So the first UK study with a median age of 25 is going to be used to 
estimate prevalence over a range of ages? You are going to have to 
make some very strong assumptions here which I personally would not 
want to make.

Is there any possibility that in the real dataset you can fit your 
model to those studies which do provide age-specific prevalences and 
then use that to impute?

You do not say when these studies were published but I would ask the 
authors of the primary studies if they can make the information 
available to you. You may have already done that of course. I referee 
quite a few papers on systematic reviews and my impression is that 
some authors are amenable to doing the work for you. You mileage may 
vary of course.

>*Standard random-effect meta-analysis* with package meta.
>
>I used metaprop() to get a first estimate of the prevalence in each country
>without taking age into account, and to obtain weights. As expected,
>heterogeneity was very high, so I used weights from the random-effects
>model.

Which will be nearly equal and so hardly worth using in my opinion 
but again your mileage may vary.

>  meta <- 
> metaprop(event=n_events,n=n_total,byvar=country,sm="PLOGIT",method.tau="REML",data=data)
>  summary(meta)
>  data$weight<-meta$w.random
>
>I used meta to get a first estimate of the prevalence without taking age
>into account, and to obtain weights. As expected, heterogeneity was very
>high, so I used weights from the random-effects model.
>
>*Generalized additive model* to include age with package mgcv.
>
>The gam() model parameters (k and sp) were chosen using BIC and GCV number
>(not shown here).
>
>  model <- gam( cbind(n_events,n_total-n_events) ~
>s(study_median_age,bs="cr",k=4,sp=2) + s(country,bs="re"),
>weights=weight, data=data, family="binomial"(link=logit),
>method="REML")
>  plot(model,pages=1,residuals=T, all.terms=T, shade=T)
>
>Predictions for each age group were obtained from this model as explained
>earlier.
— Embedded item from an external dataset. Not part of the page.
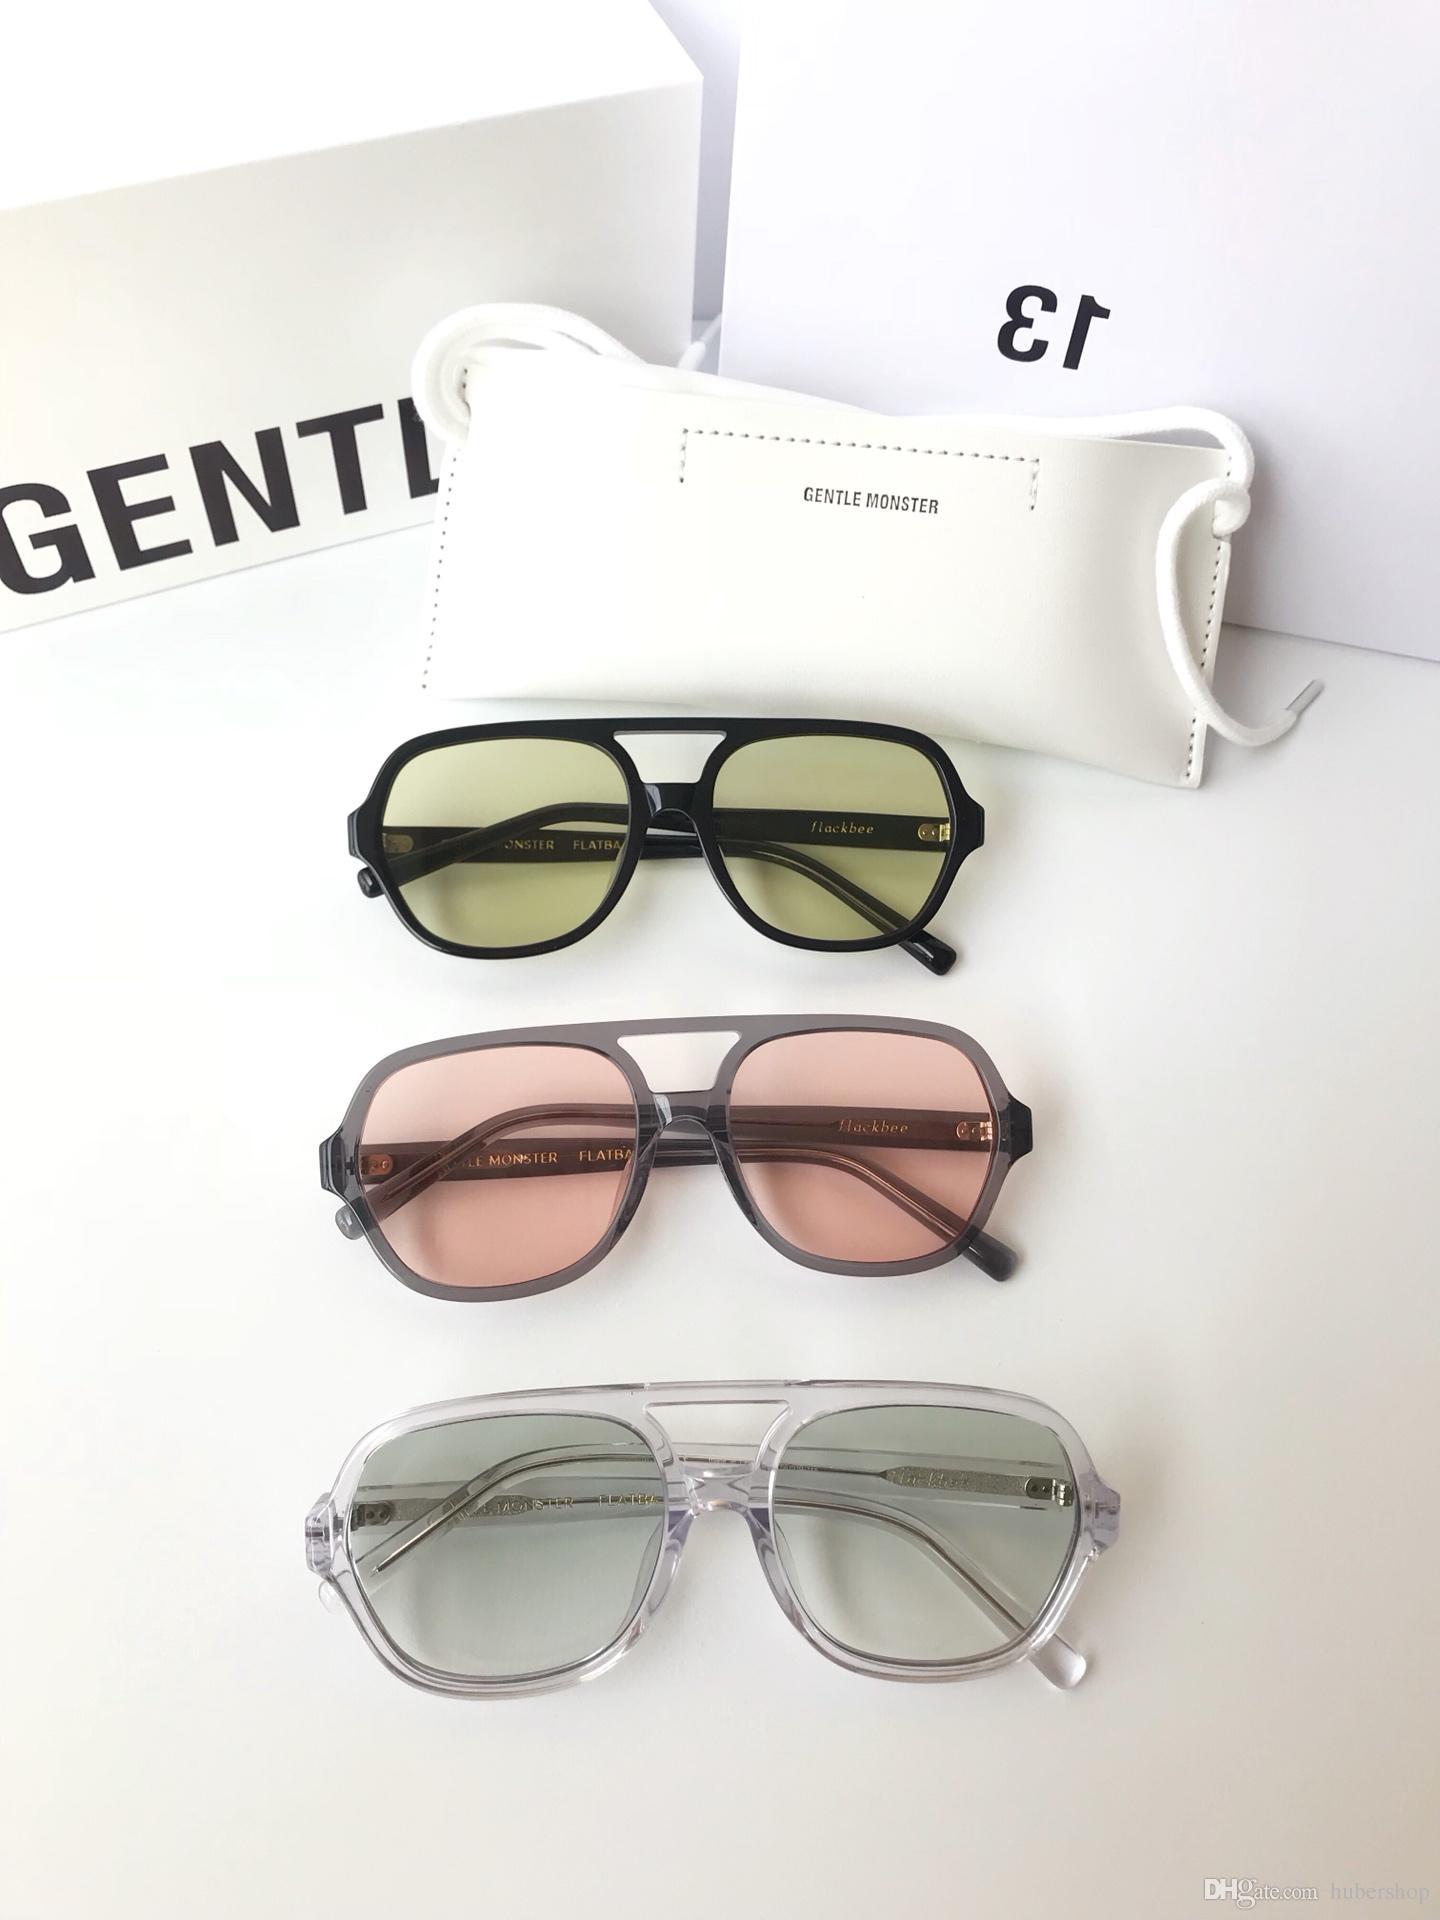 2019 Hot Sale Korea Famous Designer Sunglasses GM FLACKBEE Fashion Unisex Sunglasses for men and women UV400 Sunglasses with box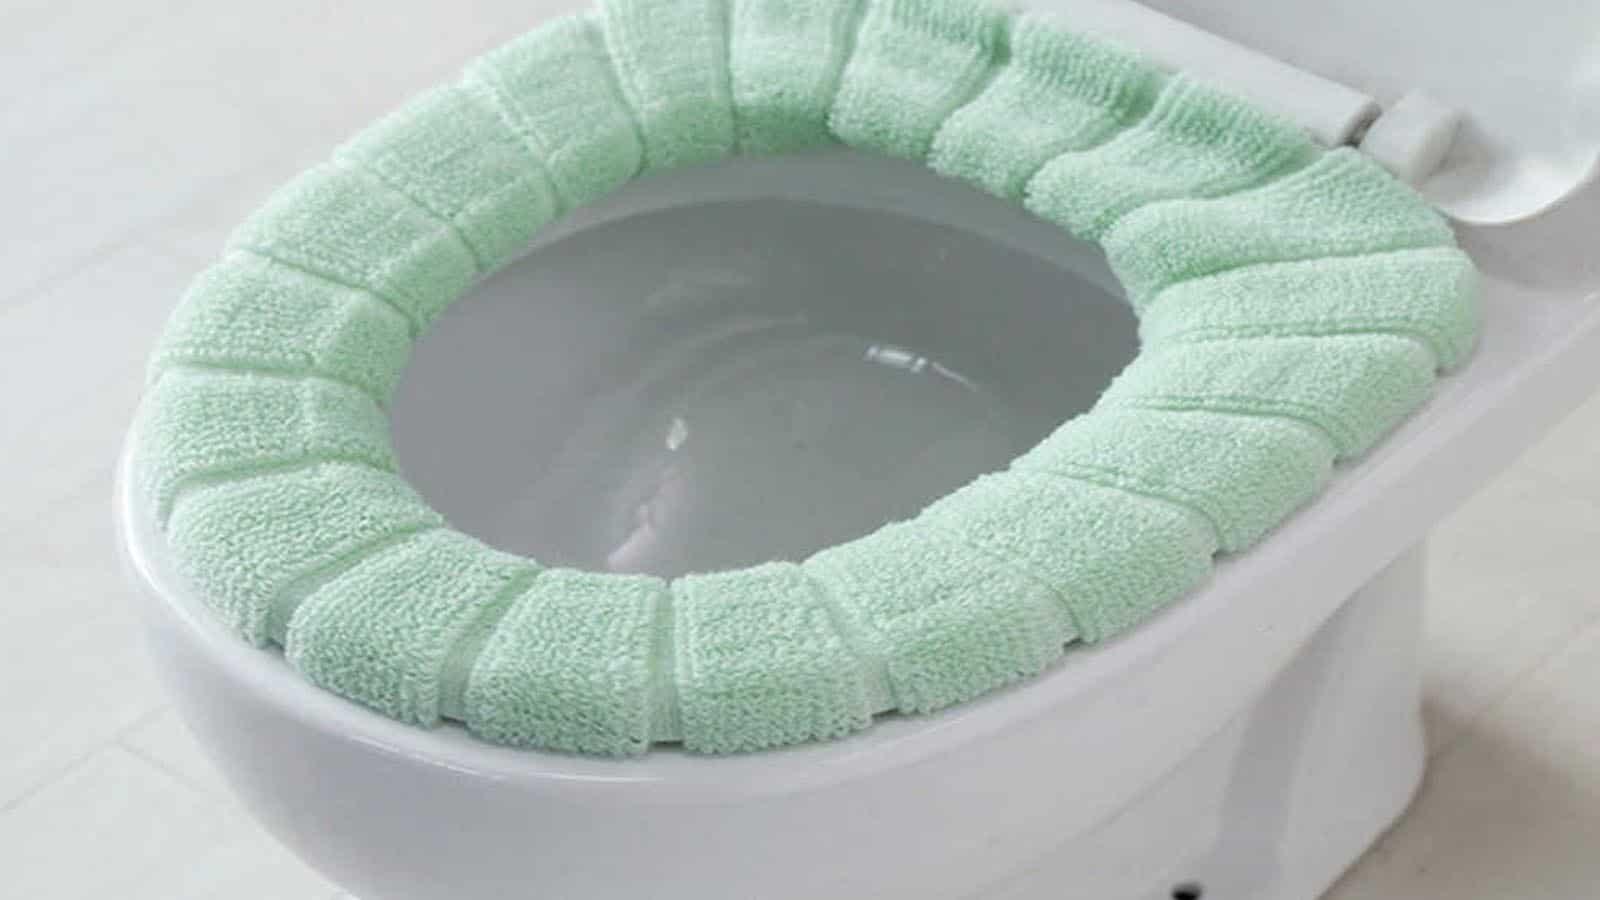 fuzzy toilet cover on ali express

CI were obtained directly using predict.gam(), that uses the
>Bayesian posterior covariance matrix of the parameters. For exemple
>considering UK:
>
>  newdat<-data.frame(country="UK",study_median_age=seq(17,57,5))
>  link<-predict(model,newdat,type="link",se.fit=T)$fit
>  linkse<-predict(model,newdat,type="link",se.fit=T)$se
>  newdat$prev<-model$family$linkinv(link)
>  newdat$CIinf<-model$family$linkinv(link-1.96*linkse)
>  newdat$CIsup<-model$family$linkinv(link+1.96*linkse)
>  plot(newdat$prev~newdat$study_median_age, type="l",ylim=c(0,.12))
>  lines(newdat$CIinf~newdat$study_median_age, lty=2)
>  lines(newdat$CIsup~newdat$study_median_age, lty=2)
>
>The results were satisfying, representing the augmentation of the
>prevalence with advanced age, with coherent confidence intervals. I
>obtained a total prevalence for the country using the country population
>structure (not shown, I hope it is clear enough).
>
>However, I figured I needed to include study-level random-effects since
>there was a high heterogeneity (even though I did not calculate
>heterogeneity after the meta-regression).
>
>*Introducing study-level random-effect* with package gamm4.
>
>Since mgcv models can't handle that much random-effect parameters, I had to
>switch to gamm4.
>
>  model2 <- gamm4(cbind(n_events,n_total-n_events) ~
>s(study_median_age,bs="cr",k=4) + s(country,bs="re"),
>random=~(1|id_study), data=data, weights=weight,
>family="binomial"(link=logit))
>  plot(model2$gam,pages=1,residuals=T, all.terms=T, shade=T)
>
>  link<-predict(model2$gam,newdat,type="link",se.fit=T)$fit
>  linkse<-predict(model2$gam,newdat,type="link",se.fit=T)$se
>  newdat$prev2<-model$family$linkinv(link)
>  newdat$CIinf2<-model$family$linkinv(link-1.96*linkse)
>  newdat$CIsup2<-model$family$linkinv(link+1.96*linkse)
>  plot(newdat$prev2~newdat$study_median_age, 
> type="l",col="red",ylim=c(0,0.11))
>  lines(newdat$CIinf2~newdat$study_median_age, lty=2,col="red")
>  lines(newdat$CIsup2~newdat$study_median_age, lty=2,col="red")
>  lines(newdat$prev~newdat$study_median_age, type="l",ylim=c(0,.12))
>  lines(newdat$CIinf~newdat$study_median_age, lty=2)
>  lines(newdat$CIsup~newdat$study_median_age, lty=2)
>
>Since the study-level random effect was in the mer part of the fit, I
>didn't have to handle it.
>
>As you can see, I obtain rather different results, with a much smoother
>relation between age and prevalence, and quite different confidence
>intervals. It is even more different in the full-data analysis, where the
>CI are much wider in the model including study-level RE, to the point it is
>sometimes almost uninformative (prevalence between 0 and 15%, but if it is
>the way it is...). Moreover, the study-level RE model seems to be more
>stable when outliers are excluded.
>
>*So, my questions are:*
>
>    - Did I properly extract the weights from the metaprop() function and
>    used them further?
>    - Did I properly built my gam() and gamm4() models? I read a lot about
>    this, but I'm not used to this king of models.
>    - Which of these models should I use?
>
>I would really appreciate some help, since neither my teachers nor my
>colleagues could. It was a really harsh to conduct the systematic review,
>and very frustrating to struggle with the analysis... Thank you in advance!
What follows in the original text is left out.